Records drawn from a dataset
■ ■ ■ ■ ■
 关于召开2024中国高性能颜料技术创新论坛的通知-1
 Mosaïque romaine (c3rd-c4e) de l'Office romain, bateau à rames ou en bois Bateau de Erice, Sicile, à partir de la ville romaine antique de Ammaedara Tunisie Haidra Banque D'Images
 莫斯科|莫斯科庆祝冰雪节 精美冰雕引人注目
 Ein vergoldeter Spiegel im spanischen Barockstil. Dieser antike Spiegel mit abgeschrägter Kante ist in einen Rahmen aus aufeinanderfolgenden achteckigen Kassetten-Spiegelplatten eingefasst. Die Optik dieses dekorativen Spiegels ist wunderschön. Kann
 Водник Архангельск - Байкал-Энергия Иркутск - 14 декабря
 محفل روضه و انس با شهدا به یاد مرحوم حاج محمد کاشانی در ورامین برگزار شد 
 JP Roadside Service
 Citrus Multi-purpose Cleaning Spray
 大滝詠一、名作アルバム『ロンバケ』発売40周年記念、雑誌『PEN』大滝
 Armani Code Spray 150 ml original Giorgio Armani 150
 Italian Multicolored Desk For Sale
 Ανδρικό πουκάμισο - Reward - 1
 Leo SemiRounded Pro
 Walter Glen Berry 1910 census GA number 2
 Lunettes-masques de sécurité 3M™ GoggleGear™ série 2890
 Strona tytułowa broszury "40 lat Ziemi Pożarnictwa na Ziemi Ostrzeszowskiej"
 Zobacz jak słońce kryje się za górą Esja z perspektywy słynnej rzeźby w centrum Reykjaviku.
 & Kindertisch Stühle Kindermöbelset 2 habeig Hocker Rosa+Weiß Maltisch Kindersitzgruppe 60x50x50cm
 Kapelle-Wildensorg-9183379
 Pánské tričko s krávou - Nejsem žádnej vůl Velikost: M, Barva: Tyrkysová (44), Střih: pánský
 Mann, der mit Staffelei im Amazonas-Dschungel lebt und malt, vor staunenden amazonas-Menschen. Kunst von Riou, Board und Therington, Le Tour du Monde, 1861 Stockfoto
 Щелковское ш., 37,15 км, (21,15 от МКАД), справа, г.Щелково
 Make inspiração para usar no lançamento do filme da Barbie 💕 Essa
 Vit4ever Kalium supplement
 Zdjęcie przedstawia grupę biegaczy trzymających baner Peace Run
■ ■ ■ ■ ■
▶ YOUR TASK
Every line above with the string "Spray" in it needs to be copied.

▶ WORKED SOLUTION
 Citrus Multi-purpose Cleaning Spray
 Armani Code Spray 150 ml original Giorgio Armani 150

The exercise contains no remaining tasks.